This is not 2005 and investing in Snapchat is the last thing Mayer's Yahoo can afford to do
While you catch your breath from the sheer inanity of this news, let me point out that this is the same round that was previously rumored to be led by Alibaba, and was recently revealed to include minority participation by Kleiner Perkins (at a meager $20 million for 0.2 percent). But while you can argue about the merits of betting that Snapchat will one day deliver a meaningful return on this 11-figure valuation – anything but a sure thing – there is no universe in which it makes sense for Yahoo to be making that bet today.
First of all, Yahoo is surely getting a minority stake in Snapchat, likely in the single-digit percentages – unless it’s investing more than $1 billion, which if that’s the case god bless ‘em. This means that the company can’t consolidate any future revenues (Snapchat doesn’t generate any revenue currently) from this holding and will hardly have any real inside track on a future acquisition of the company – as if Yahoo could afford it. In other words, this is purely a venture capital-style financial “bet” by Mayer, that Snapchat will be Yahoo’s next Alibaba, or put another way, an investment that leaves the company flush with cash upon an eventual liquidity event.
But the fact of the matter is, Yahoo doesn’t have the luxury of making long-term growth-equity bets at this point. The aging company needs to find ways – any way – to grow revenue and profitability, something it hasn’t managed to do in nearly seven years.
When Yahoo decided to invest $1 billion to acquire 40 percent of a then up-and-coming Chinese ecommerce company in August 2005, the US company had the luxury of soaring revenues in its core business. Jerry Yang, the company’s founder who was still CEO at the time, was coming off a year in which Yahoo more than doubled its revenue from $1.63 billion to $3.57 billion, and was two-thirds of the way through a year in which those revenues would grow by another 47 percent to $5.25 billion. In other words, the company could afford to look externally for longer term growth opportunities because it had its own financial house in order. Similarly, when Microsoft invested $240 million for 1.6 percent of Facebook in 2007, Steve Ballmer's company was was literally on top of the technology world.

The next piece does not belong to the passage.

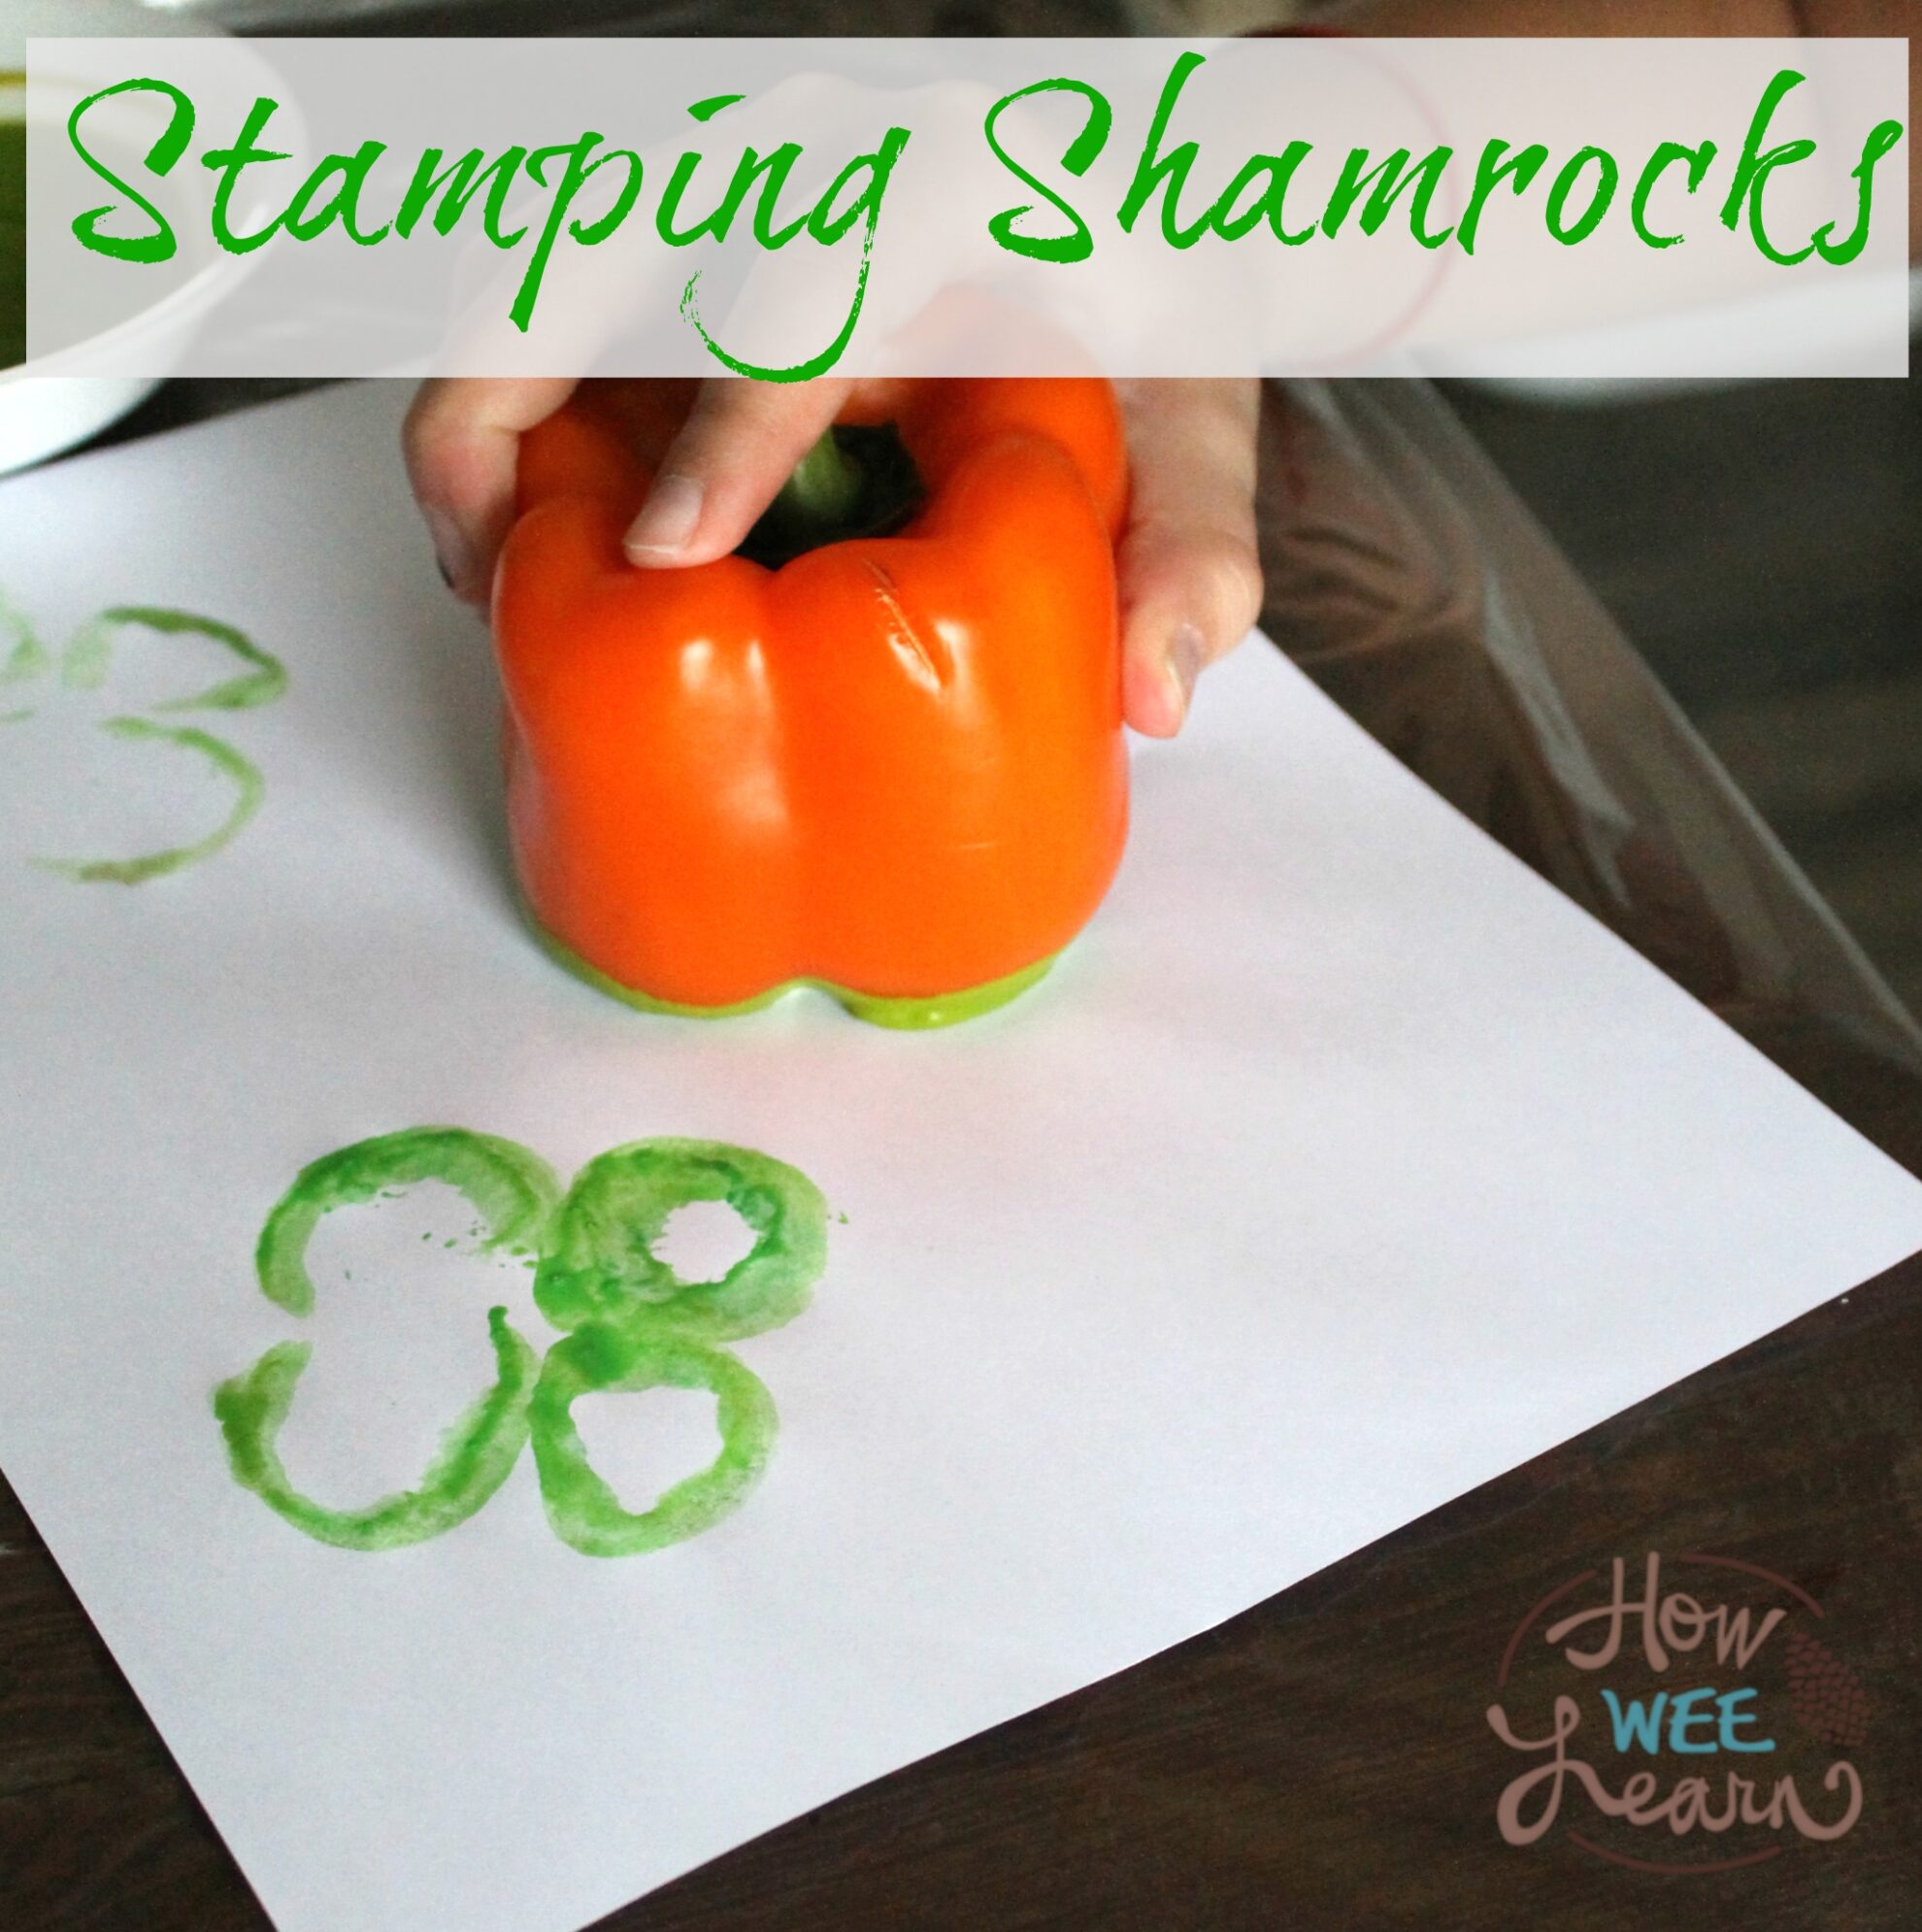 This is a great craft for St Patrick's Day! Making Shamrock stamps with preschoolers out of peppers

Marissa Mayer’s Yahoo of today? Not so much.
To be fair, the Yahoo Mayer inherited two years ago was dysfunctional, to put it kindly. And she’s done more than many thought possible to boost morale and convince outside observers that a turnaround might at least be possible. But the one thing Mayer hasn’t done is generate any sort of meaningful revenue growth. And judging by the recent rise in activist shareholder challenges, her grace period has all but run out.
Yahoo, with its $40.8 billion market cap, isn’t that much more valuable than Snapchat. As of June 30, it had a total of $1.1 billion in cash and cash equivalents and another $3 billion in other “current assets” on its balance sheet. The company recently took in an additional $9 billion through the sale of a portion of its holding in Alibaba, but has promised to return at least half of that sum to shareholders. (It’s also lost the very life raft that has been keeping its otherwise unattractive stock afloat.) That leaves Yahoo with, at best, $8.6 billion in cash and current assets to play with.
That’s not exactly a ton of cash that it can afford to be spending real money on non-revenue generating investments. Then again, ValleyWag reports that Yahoo, like Kleiner could be investing just $20 million in this Snapchat round, despite being the lead investor, in which case, what's the point? Adding insult to injury, activists like Starboard Value’s Jeff Smith are insisting that Yahoo stop making acquisitions, find ways to cut costs, return more capital to shareholders, and merge with an equally dysfunctional AOL.
Put simply, Wall Street will have Mayer’s head if she goes through with this Snapchat deal. And if she somehow gets out unscathed, she might want to have her head examined for even considering it.
Mayer should also consider that Facebook and Google, both of which were rumored to be bidding to acquire Snapchat last year at valuations closer to the $3 billion to $4 billion level, are much better positioned financially to complete for this deal but appear absent from the syndicate. They say if you look around the table and you can't identify the fool, you're it. Investing in Snapchat at a $10 billion valuation may or may not prove to be foolish. But for Yahoo, which whether Mayer likes it or not remains a struggling Internet portal with pissed off shareholders, that's the only way this ends.